Unpacking Systematic Barriers for Black Boys with a Learning Disability in Special Education

Special Education classrooms are a melting pot of students who are creative, innovative, and waiting for an opportunity to shine. These are the generalized qualities the students come with as their hard-wired gifts. Students all still need to learn how to read through direct, explicit and systematic instruction, and that will only happen through effective literacy instruction that is culturally responsive and teacher training. Literacy should be the great equalizer for students to become academically independent. Not every student will get exposed to quality literacy instruction which pushes them to reach their full potential or positions them to achieve their freedom. However, it should be at the top of the list for educators, policymakers and administrators to train teachers to excel in literacy instruction. Although the demographics of classrooms are changing to reflect increasingly diverse students, what remains unknown in Special Education is why there is a persistent underrepresentation of Black boys as having a learning disability (i.e. dyslexia), which leaves these students not being screened, identified, or tested? If they are not identified, they may never receive the needed and appropriate academic support services throughout their early schooling (i.e., Pre-kindergarten - middle school). 
Within this context, national reports continue to highlight Black boys in fourth grade being behind in reading and functioning only at the basic level. Literacy instruction that is based on the Science of Reading is extremely critical as it provides the necessary skills instrumental for students to learn to read properly, allowing them to become contributors in their communities and throughout life. Unfortunately, many students who are “warehoused” in Special Education, particularly Black boys, may never “escape” or receive access to high-quality literacy instruction during their academic journey, which places them in dead-end situations or on the pipeline to prison track. Black boys are over-identified at a higher rate than their White peers with emotional behavioral disabilities in their Individualized Education Programs (IEP), which groups them as being “defiant” or “angry” in a system which discounts their cultural capital. It is my hypothesis that this misidentification leads to inadequate identification of reading challenges and, therefore, prevents these students from receiving the necessary quality of reading instruction. 
What is needed in our discussion of Black boys within the dyslexia community is research examining if the IEPs of fourth grade Black and White boys in Special Education differ, especially when it comes to their (a) primary identification label, (b) reading goals and the instructional procedures designated to meet these goals, as well as (c) the implementation of the designated instruction to meet the reading goals. 
We need to examine whether the written IEPs are specific, measurable, attainable, result-bound, time-bound, and, most importantly, whether race plays a systematic role in students’ identification and instructional programming. In addition, Black boys with dyslexia are seldom given attention in research. Until we address the real systemic issues and raise awareness of such an understudied, and frankly neglected, topic and population, the lives of Black boys in Special Education will continue to be misidentified, undiagnosed, and underserved. Time for change is now! 

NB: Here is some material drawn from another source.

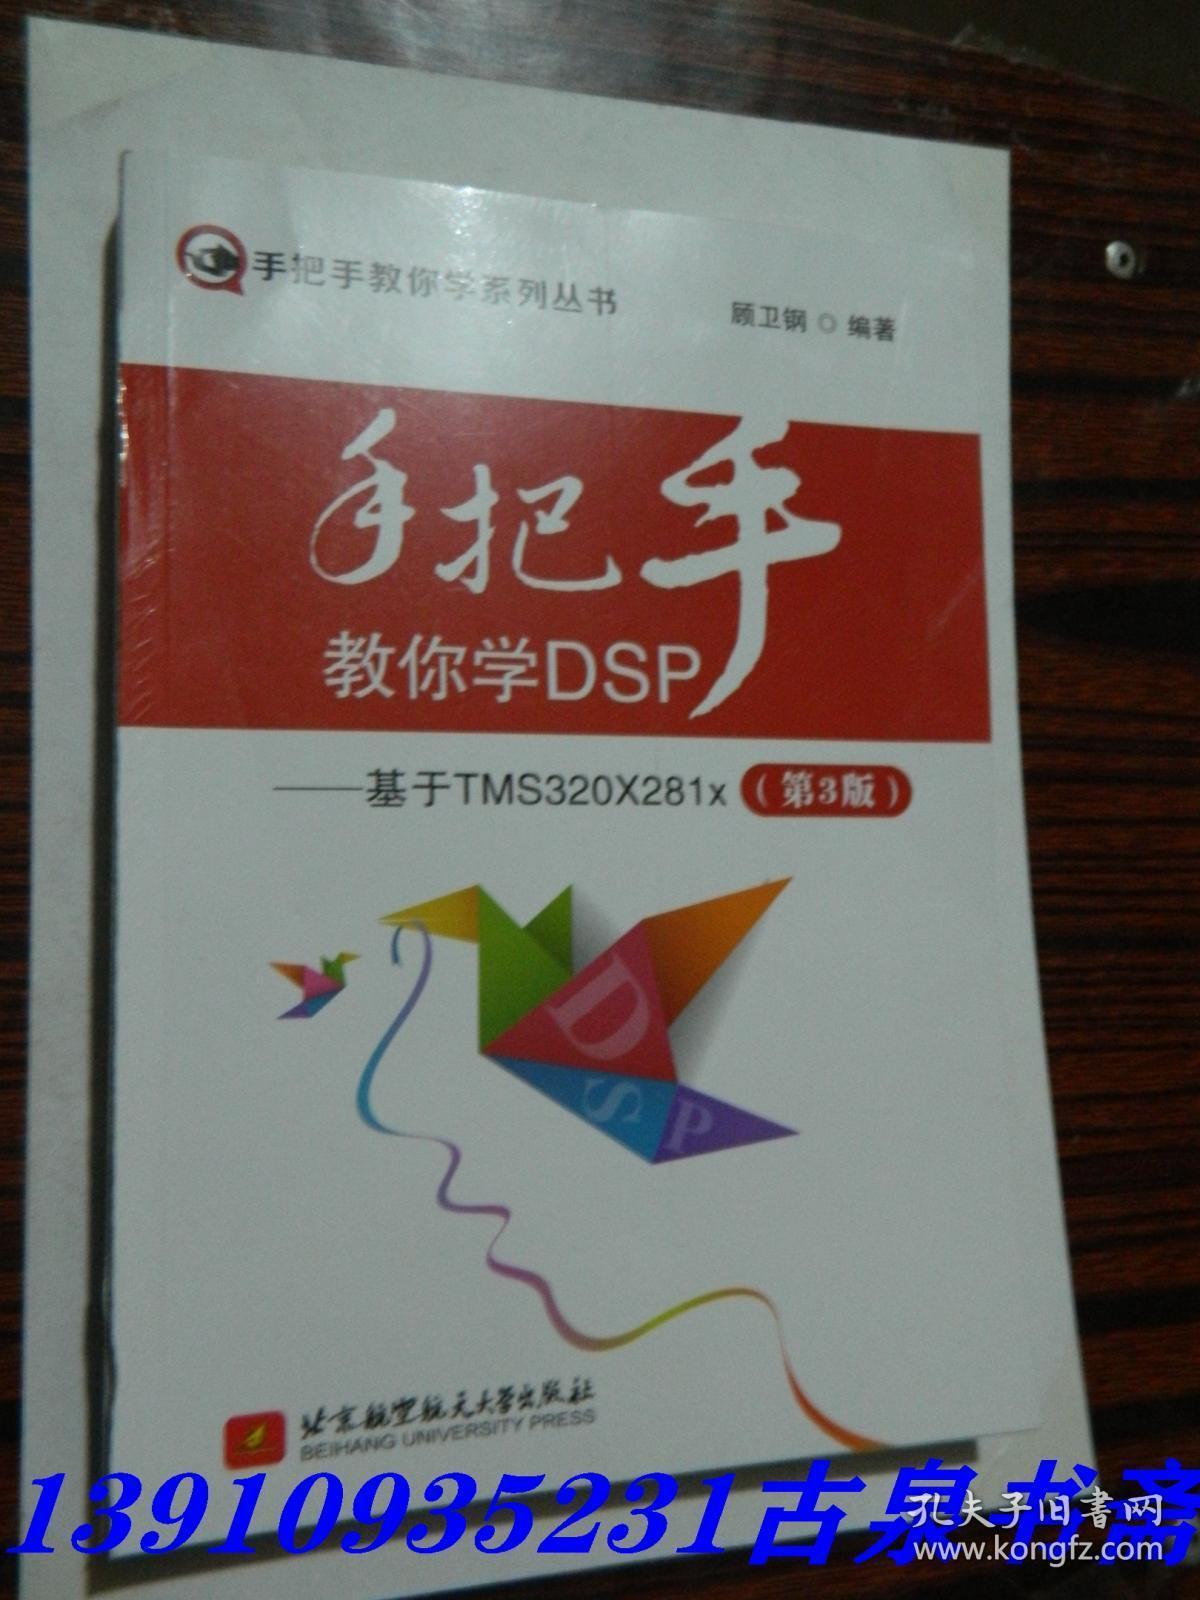 手把手教你学DSP--基于TMS320X281x(第3版)

Shawn Anthony Robinson, PhD

Comments

  1. Dr. Robinson, thank you for this tight blog on dyslexia issues relating to Black children and youth. I really appreciate the multi-layered considerations of assessment, primary identification, IEP, and implied experimental designs for resolving impediments to goal attainment.

    ReplyDelete
  2. Thank you Shawn. Too often, no, that’s incorrect, every single black boy I’ve assessed fit this situation you’ve explained. Throwing a book across the room should be understood as, “l can’t read the words!” not, call the police and slap an EBD label on. Thank you for your work.

    ReplyDelete
    Replies
    1. You are exactly right! I just forwarded your comment to another school psychologist.

      Delete
  3. Thank you for your commitment to this work. You are such a fierce advocate for students with disabilities, particularly Black boys and girls.

    ReplyDelete
  4. “Special Education classrooms are a melting pot of students who are creative, innovative, and waiting for an opportunity to shine.”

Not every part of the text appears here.